Task details:
Transcribe every line of the material below exactly, leaving out the pictures.

Data section:
_ _ _ _ _ _ _

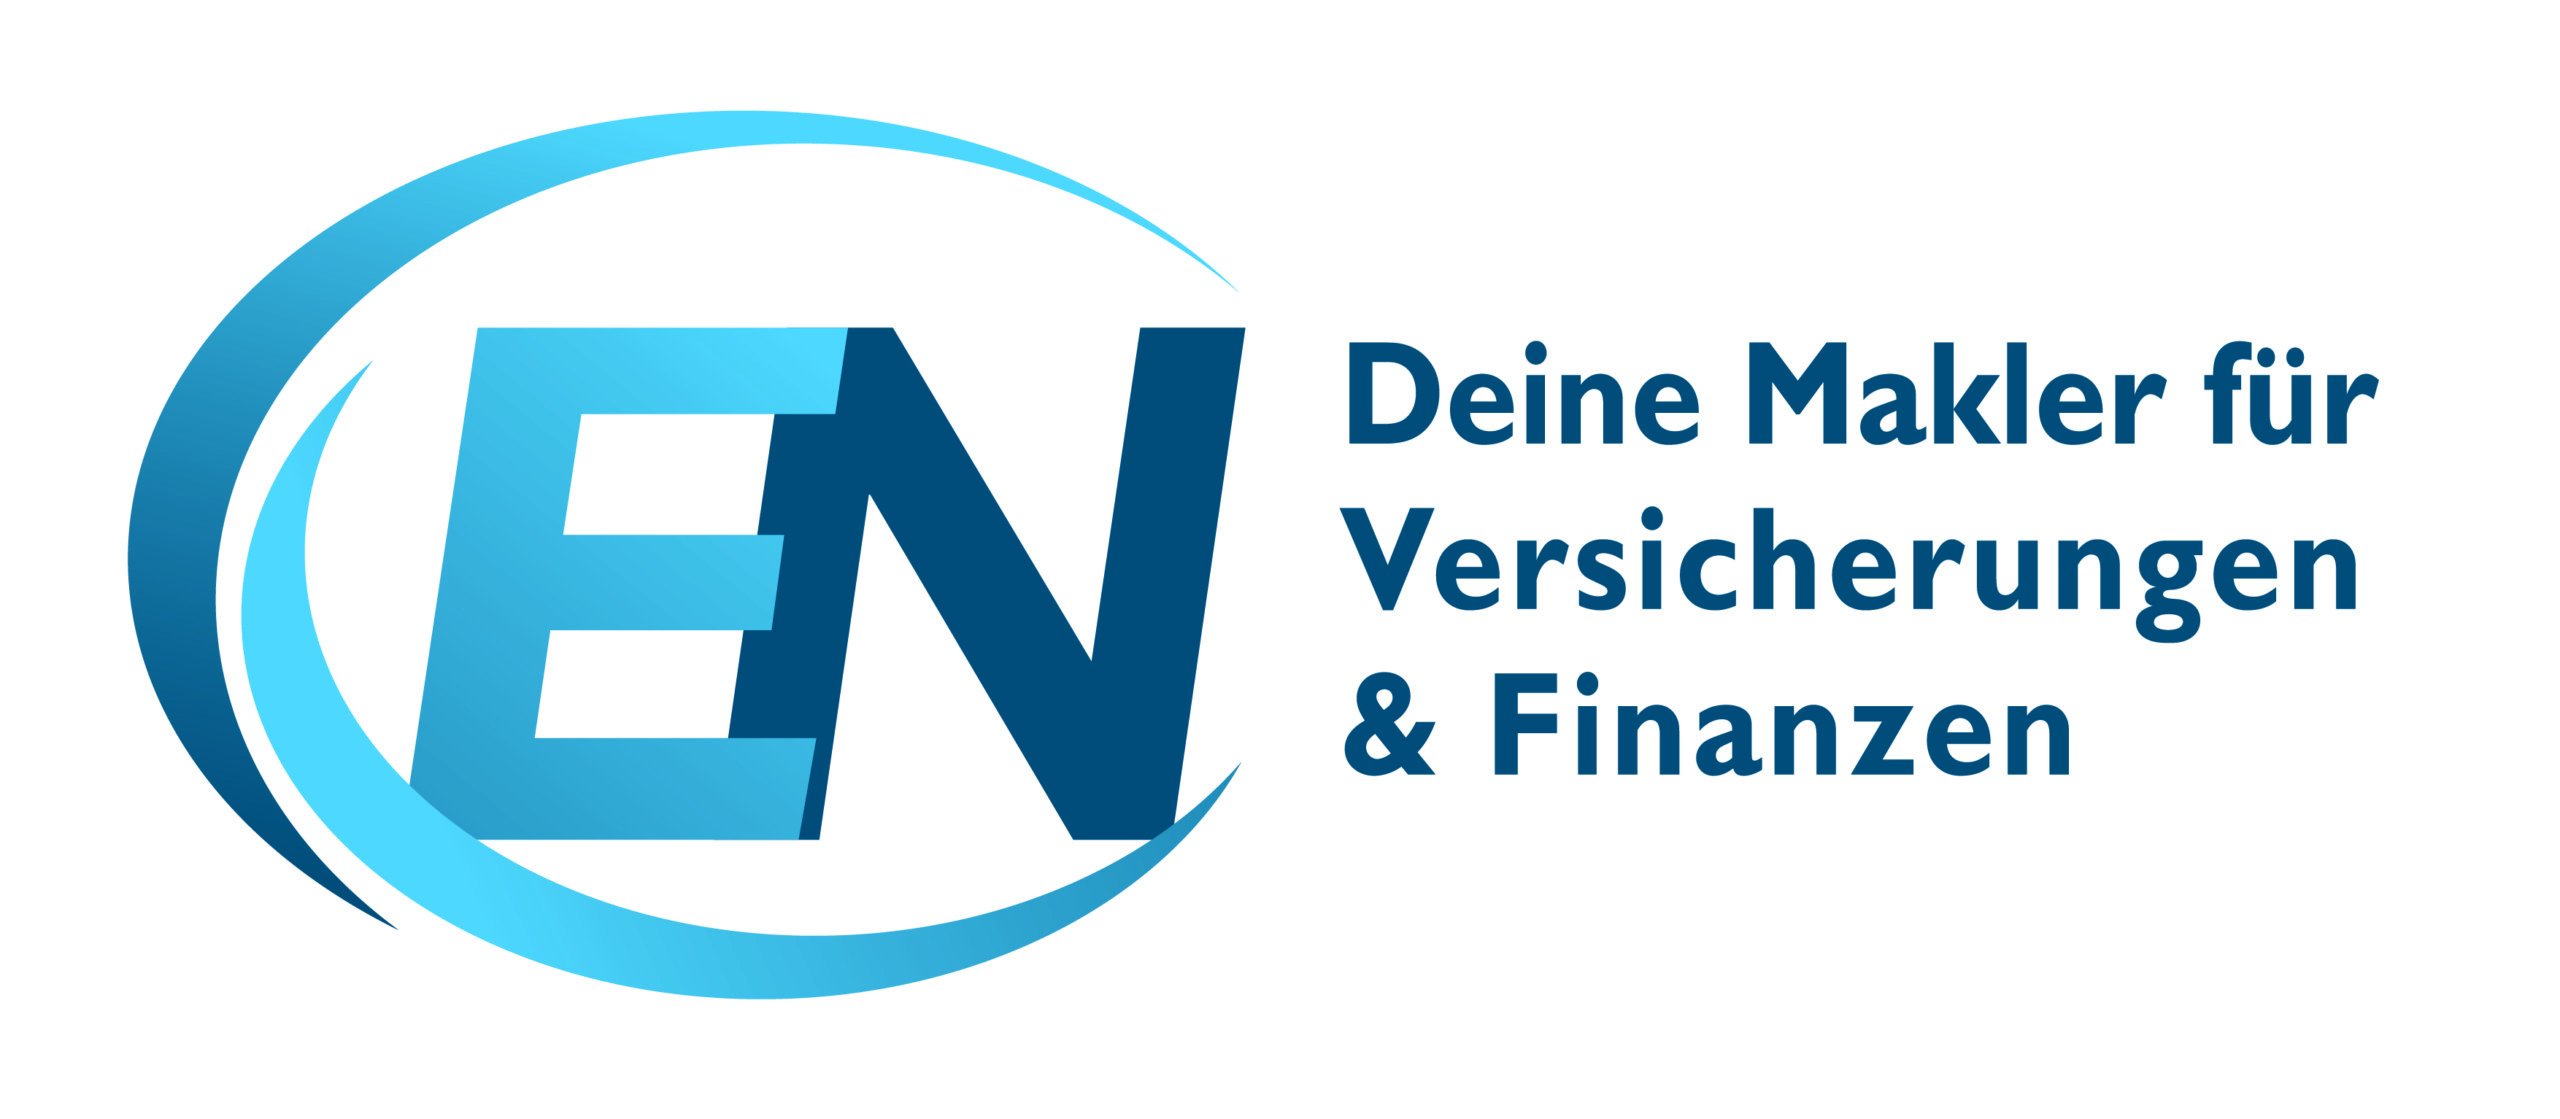 Emmerich & Nolden GmbH & Co. KG – Deine Makler für Finanzen und Versicherungen
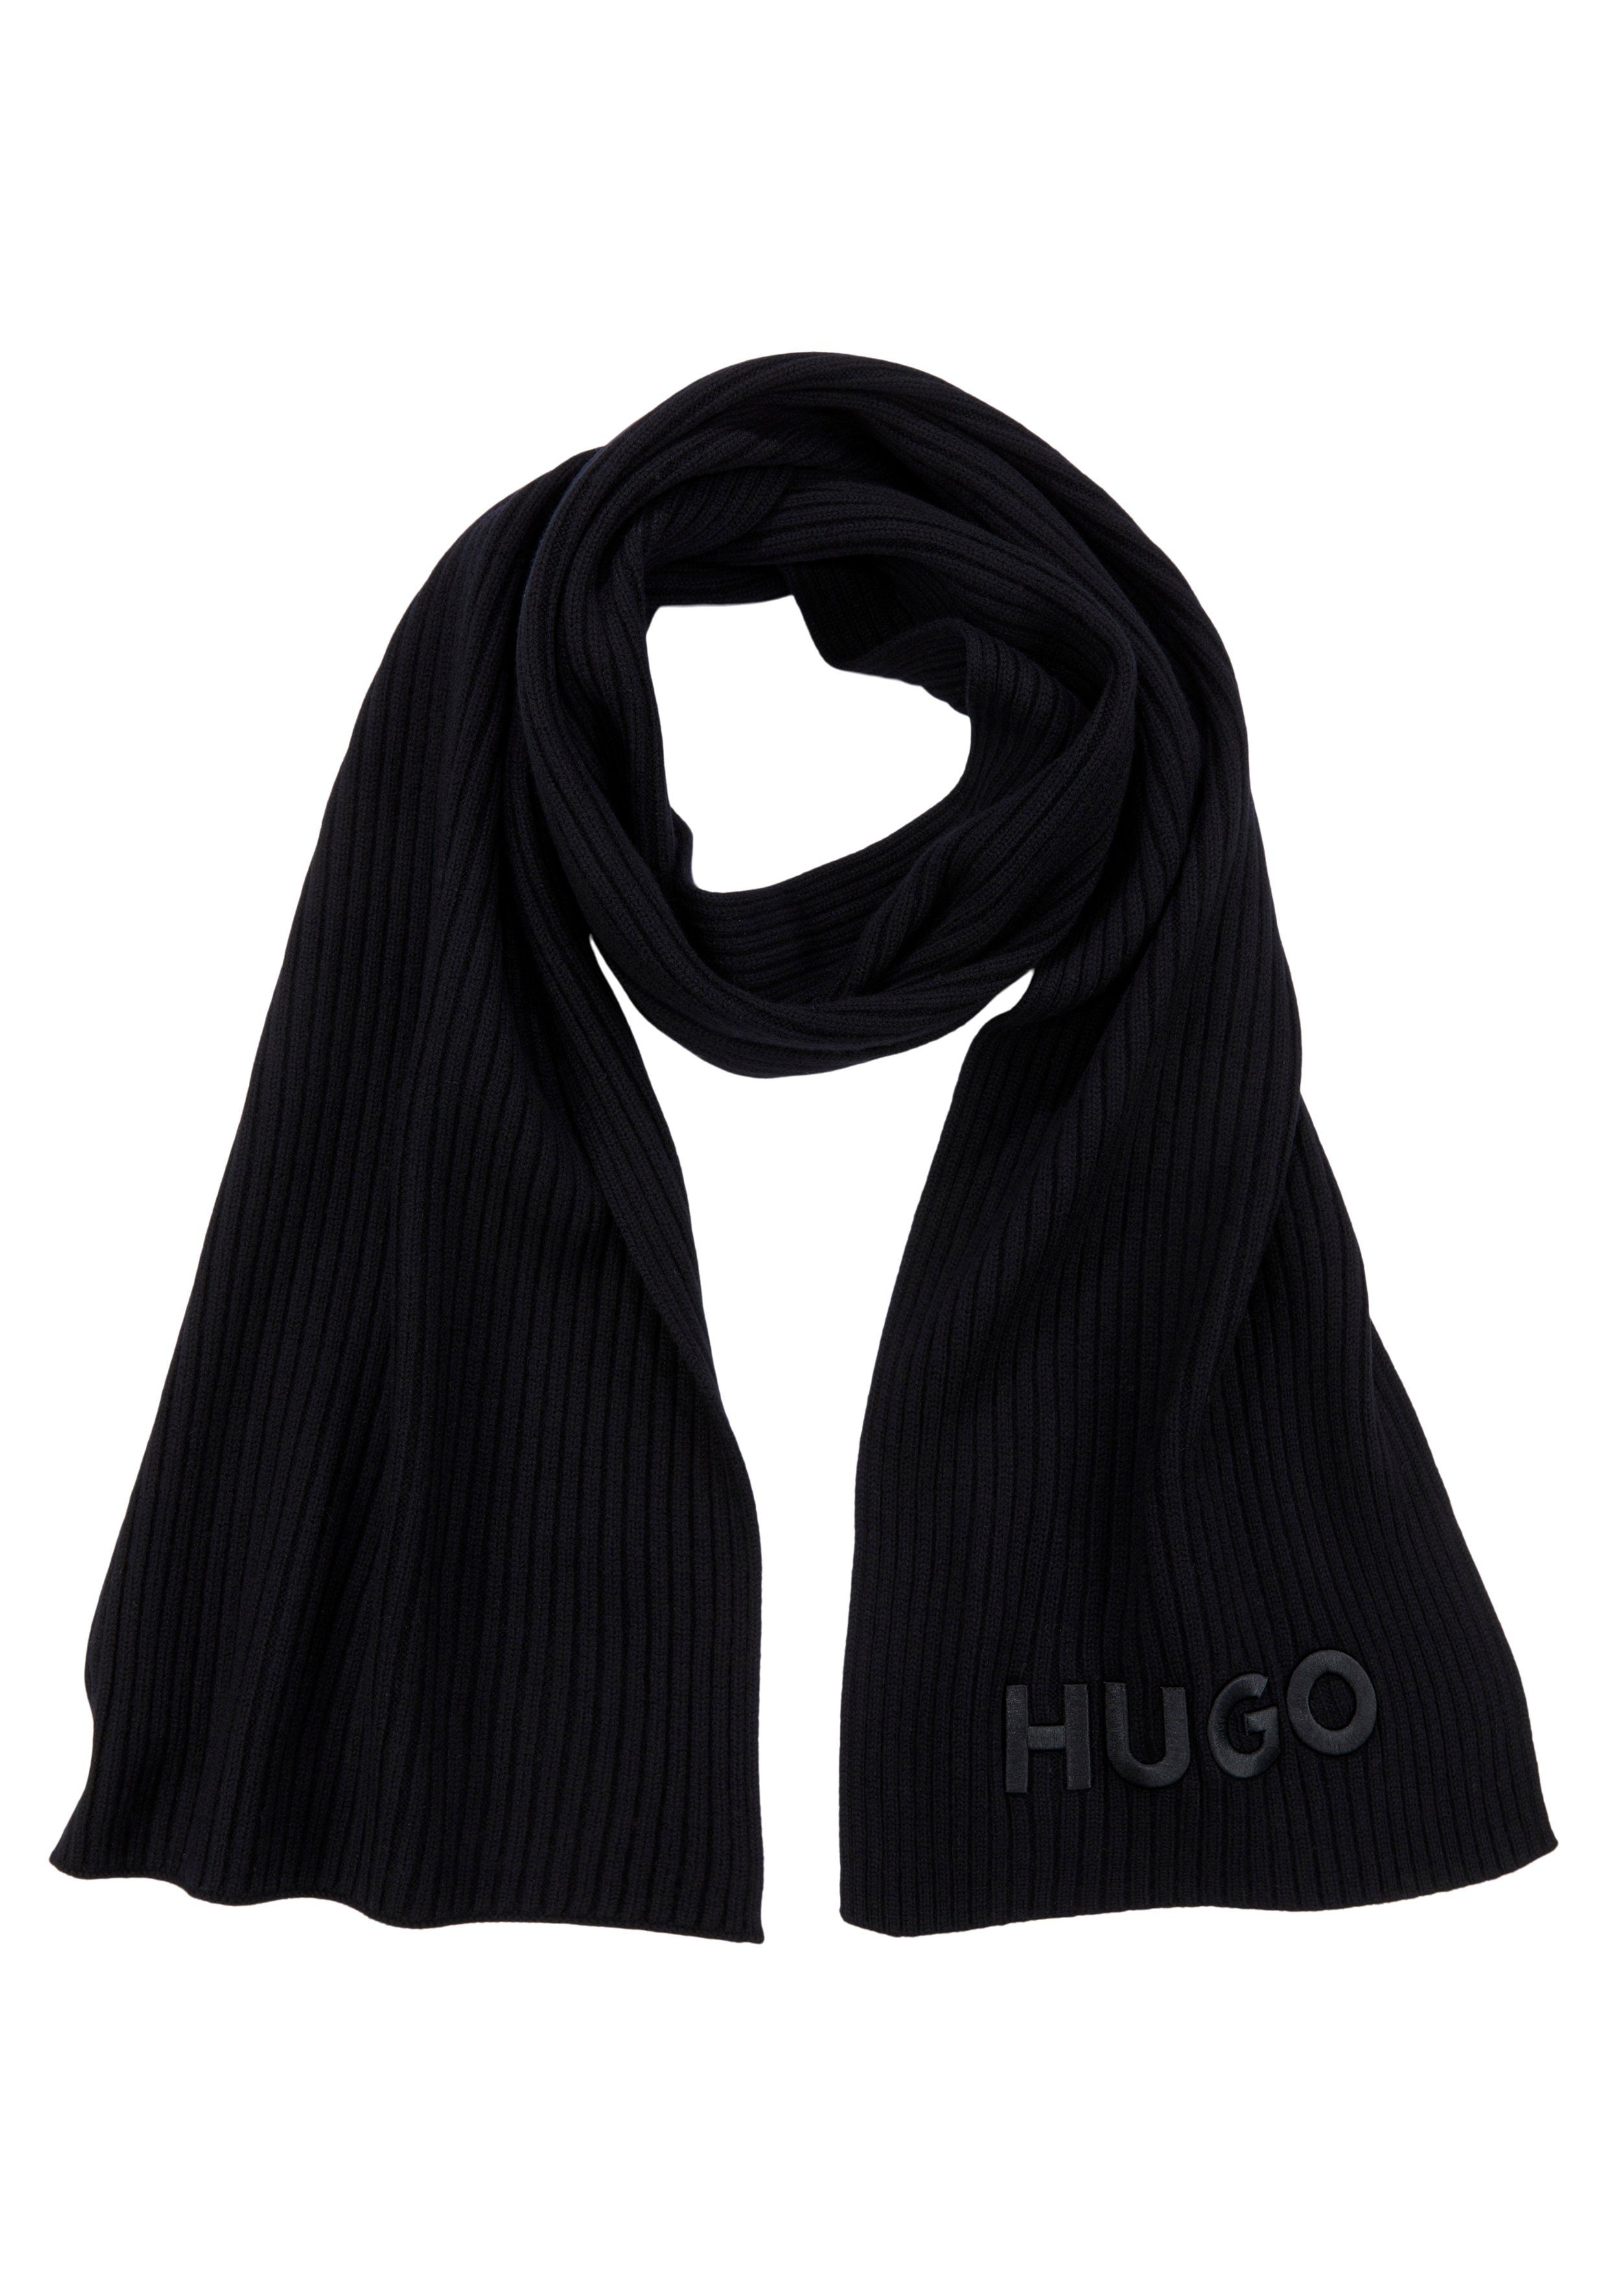 HUGO-Logoschriftzug mit HUGO Zunio-1, Black Schal
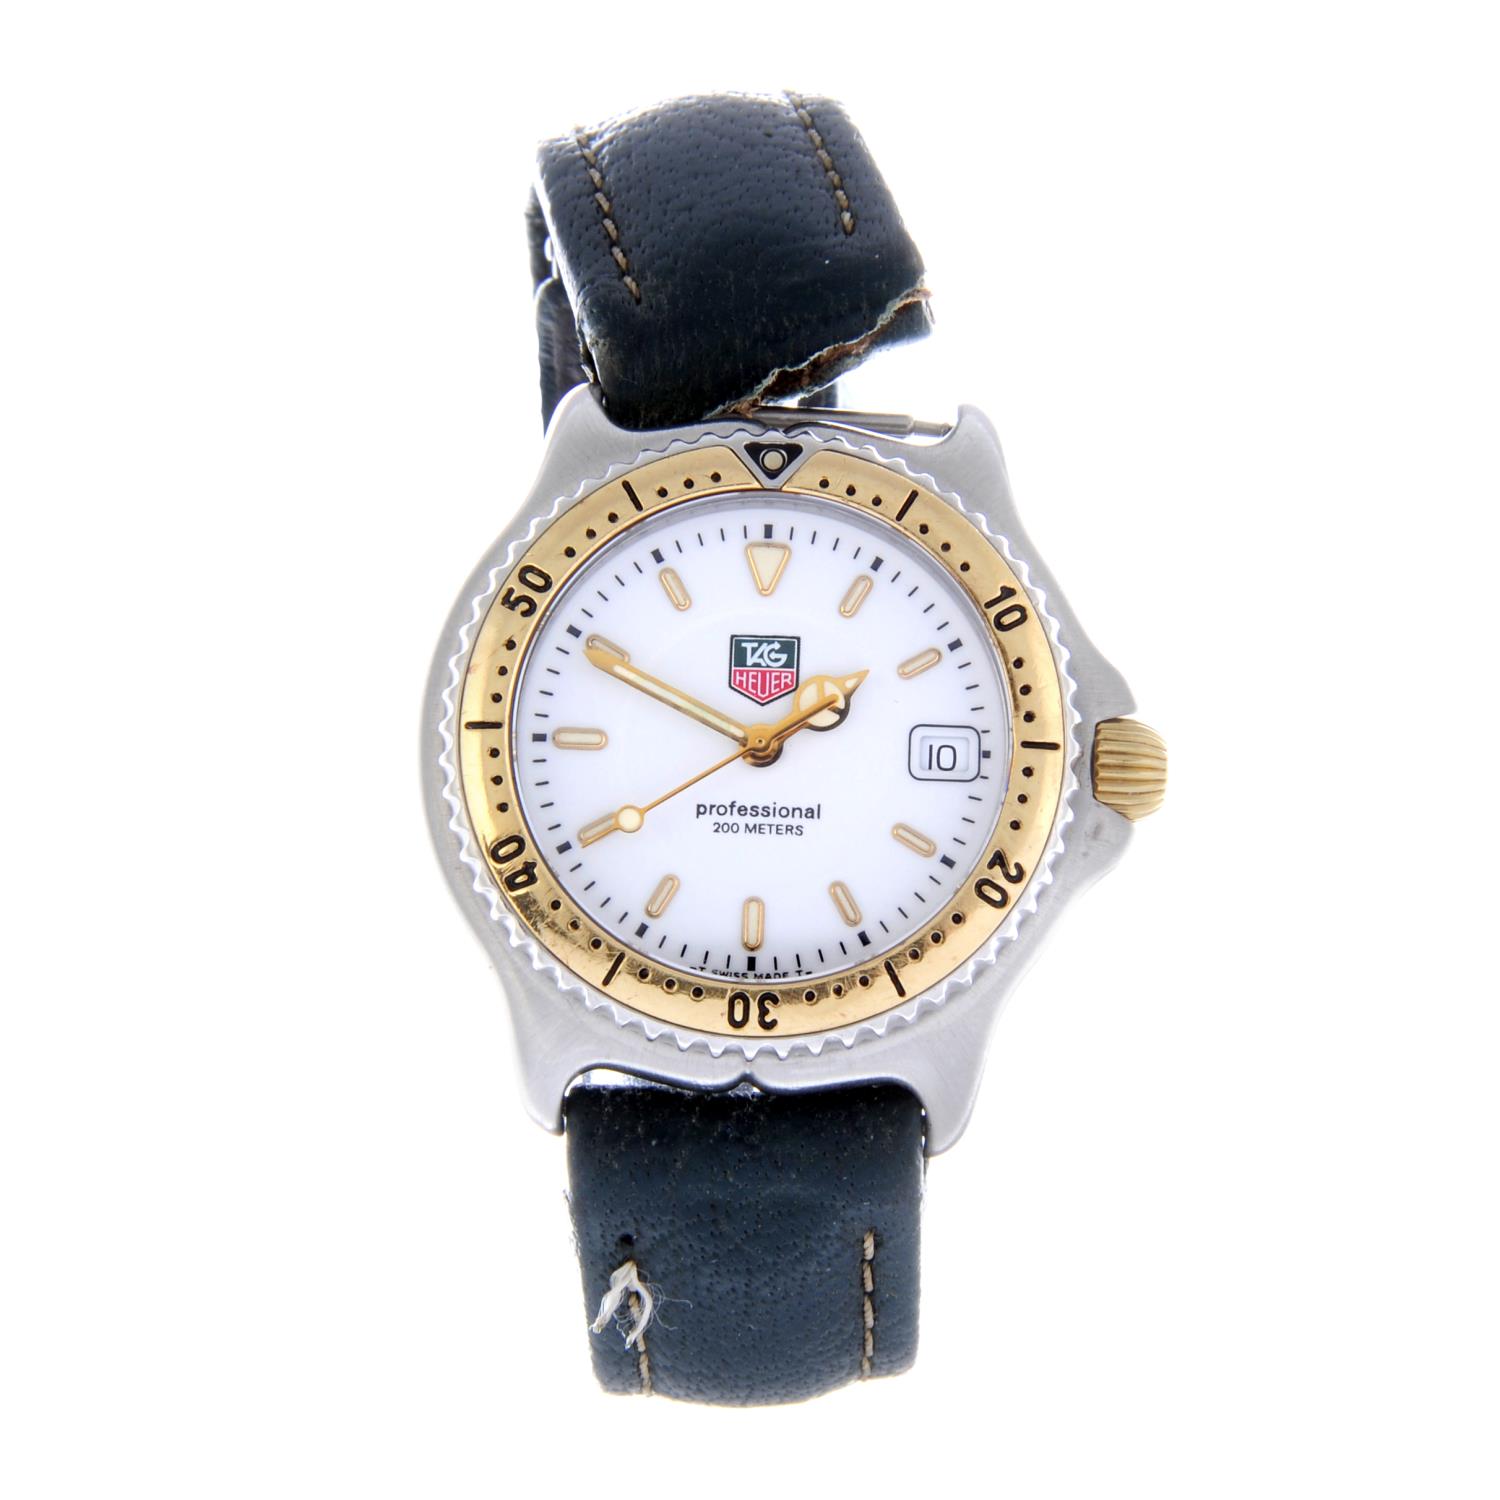 TAG HEUER - a gentleman's S/el wrist watch.

_ _ _ _ _ _ _

Written answer:
 Emmerich & Nolden GmbH & Co. KG – Deine Makler für Finanzen und Versicherungen
 HUGO-Logoschriftzug mit HUGO Zunio-1, Black Schal
 TAG HEUER - a gentleman's S/el wrist watch.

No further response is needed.